La bambina si voltò dall’altra parte senza
rispondere e il poliziotto non poté
fare a meno di constatare quanto gli assomigliasse. L’aveva
sempre detto anche
Andrea, Aida era la copia del papà e Beth* era
più simile alla mamma.
«Ehi... dai, parlami, cosa è successo?».
«I nonni sono dei bugiardi!» esplose la bambina
senza riuscire a trattenere le
lacrime «Loro sono dei bugiardi e Beth non capisce niente!
Non vogliono dirmi
cosa è successo davvero alla mamma e nemmeno tu me lo vuoi
dire, sei come
loro!».
Semir abbassò lo sguardo.
Avrebbe voluto scappare, evitare quegli occhi innocenti che lo
accusavano, ma
non poteva.
«Aida, tua sorella è piccola e non può
capire alcune cose, lo sai anche tu... e
poi...».
«Ma io non sono piccola, io capisco! E tu non parli nemmeno
con me!» gridò
ancora la bambina con la voce a tratti rotta dal pianto.

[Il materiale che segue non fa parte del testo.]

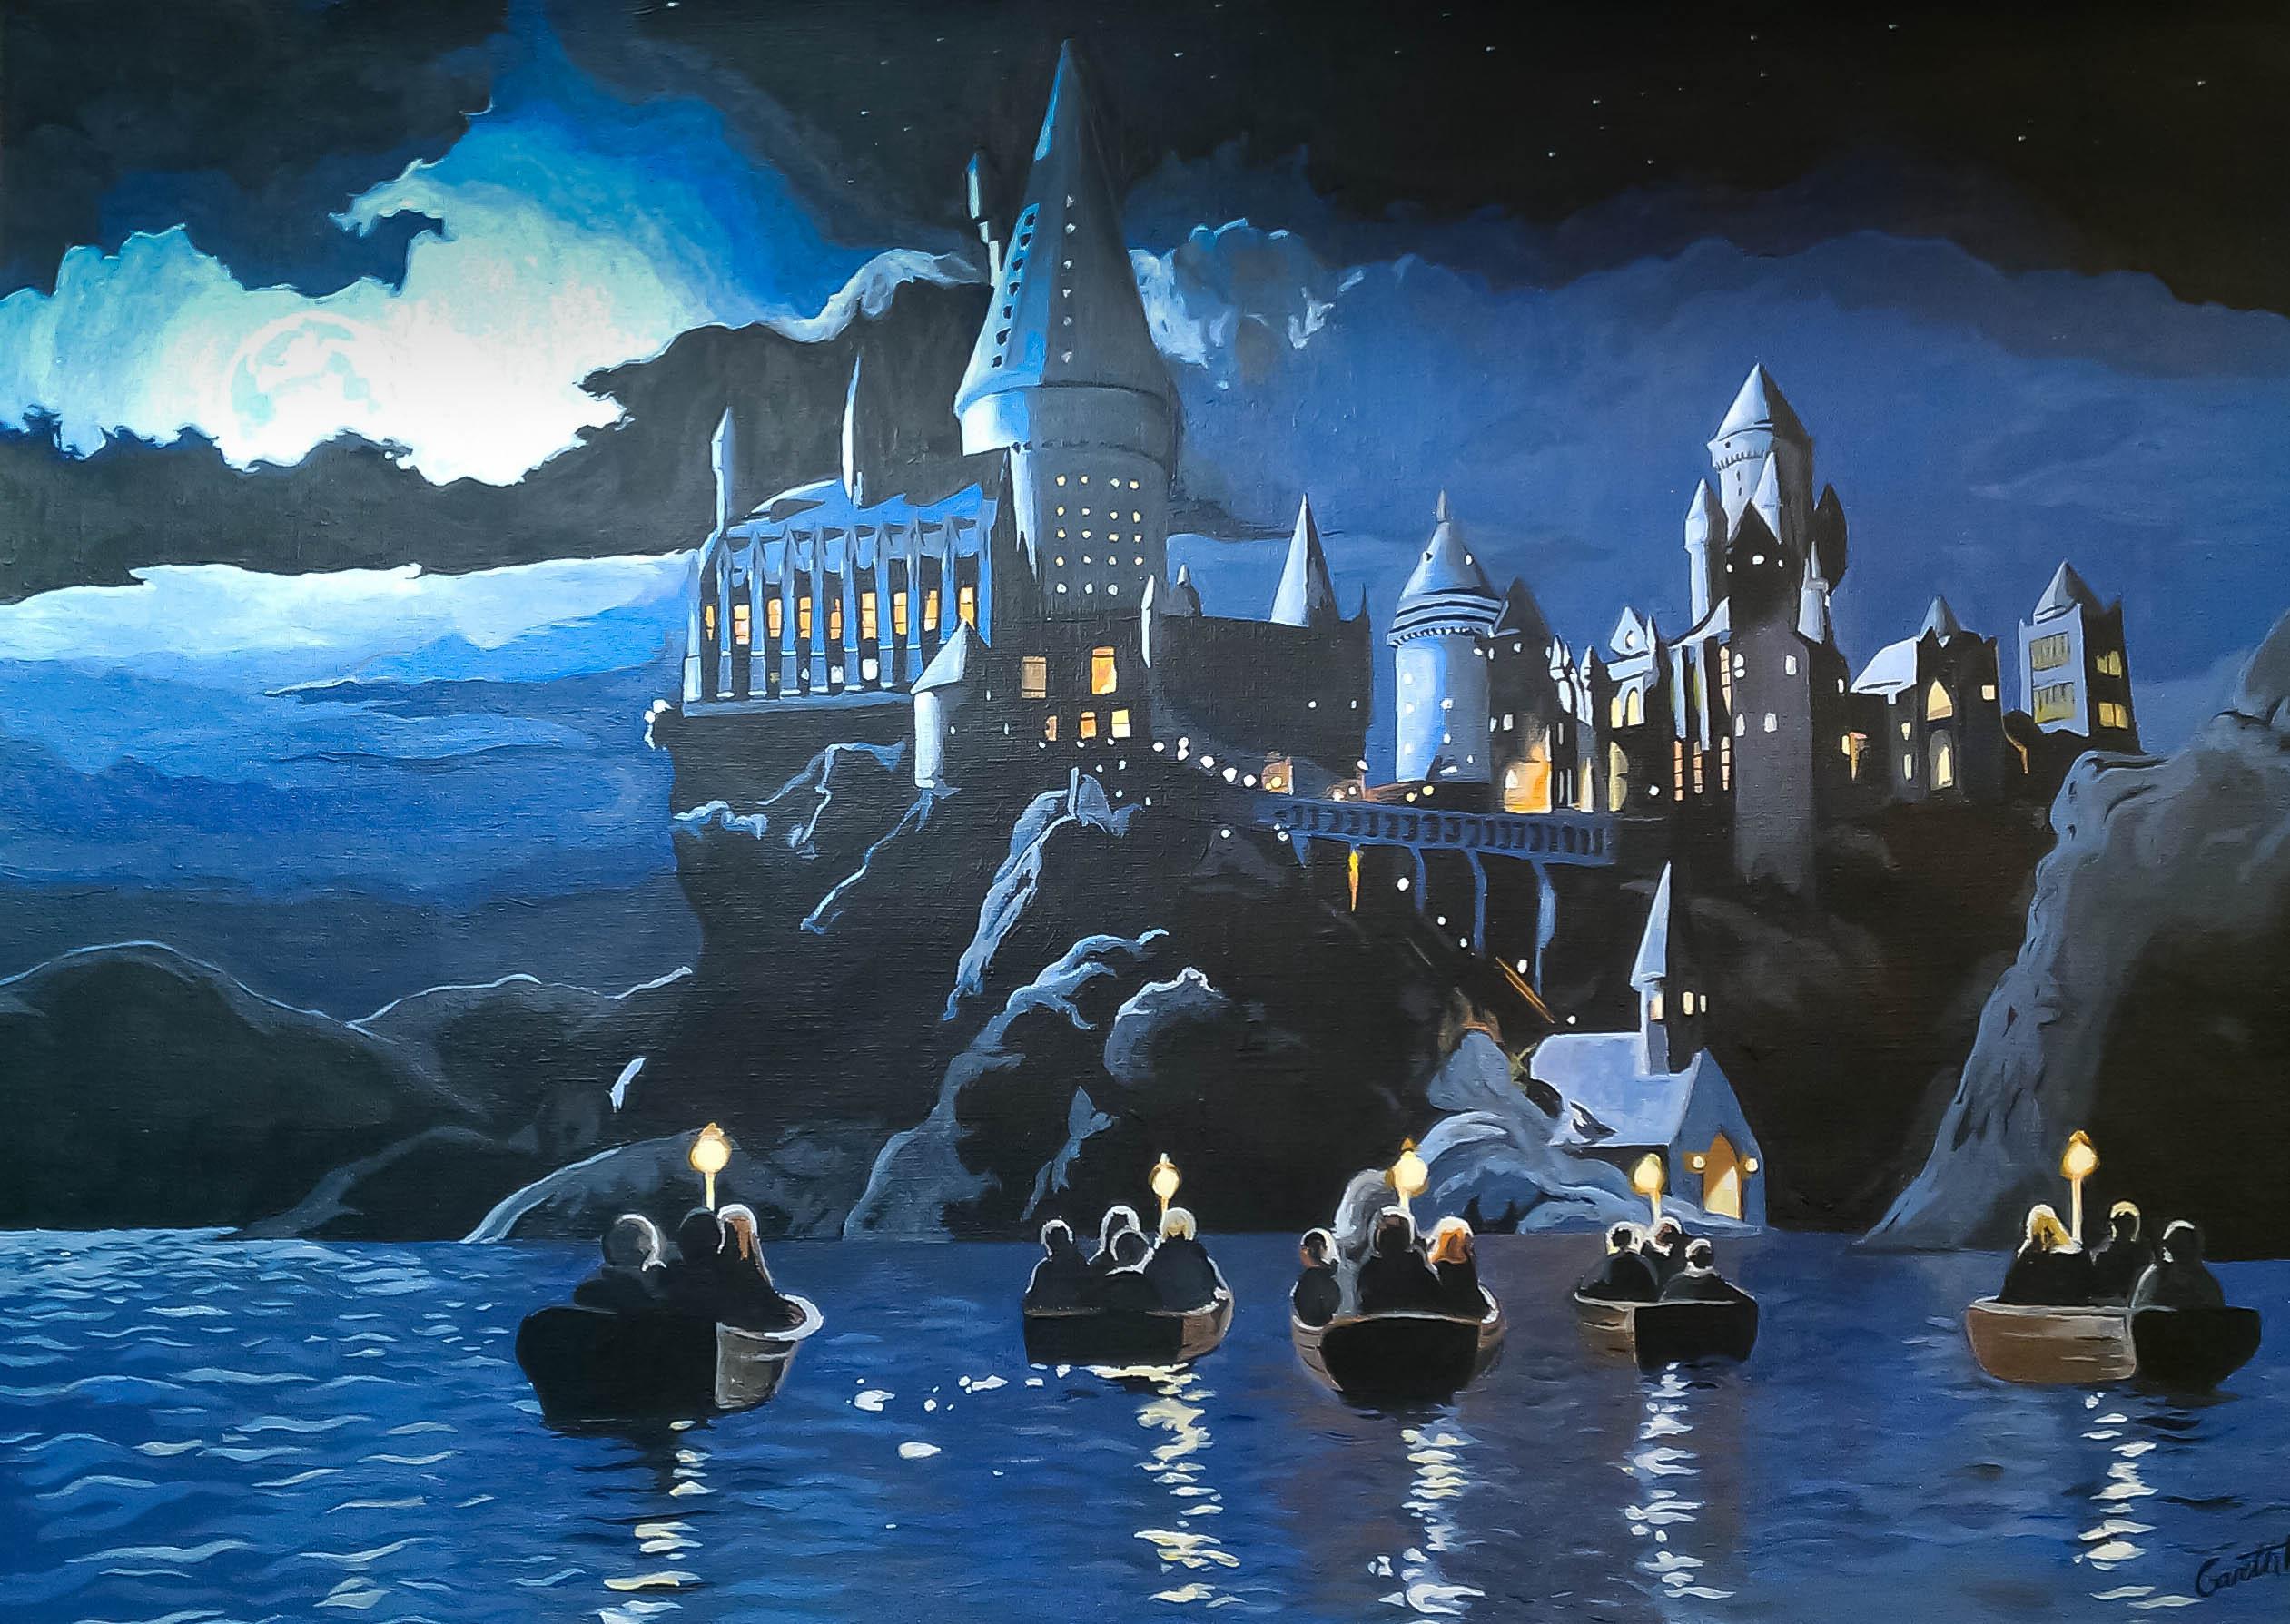 Starry Night Hogwarts Painting Www Imgkid Com The Image Kid Has It

L’ispettore sospirò leggermente: aveva ragione.
Aida aveva perfettamente
ragione. Perché ormai, undici anni da compiere, non era
più nell’età in cui le
si potessero spiegare le situazioni in modo banale. Non si accontentava
più del
racconto dell’“uomo cattivo” o della
“bua che poi guarisce”. Aida capiva
perfettamente che cosa accadeva intorno a lei, e aveva diritto a
chiedere
spiegazioni, soprattutto se queste riguardavano la morte di sua madre
che, lei,
a differenza di sua sorella, aveva compreso perfettamente.
«Cucciolo...» fece Semir asciugandole le lacrime
con il dorso di una mano «Ti
ho già spiegato cosa è successo, è
andata male un’operazione di polizia...».
«Ma tu lavori in polizia, non lei! Non sarebbe dovuta morire
la mamma!» lo
interruppe la ragazzina divincolandosi da lui e alzandosi per
allontanarsi.
Quelle parole per il padre furono un colpo al cuore.
Aprì la bocca per replicare ma in fondo alla via, che veniva
verso di loro con
le chiavi della macchina in mano, vide Ben, e lasciò perdere.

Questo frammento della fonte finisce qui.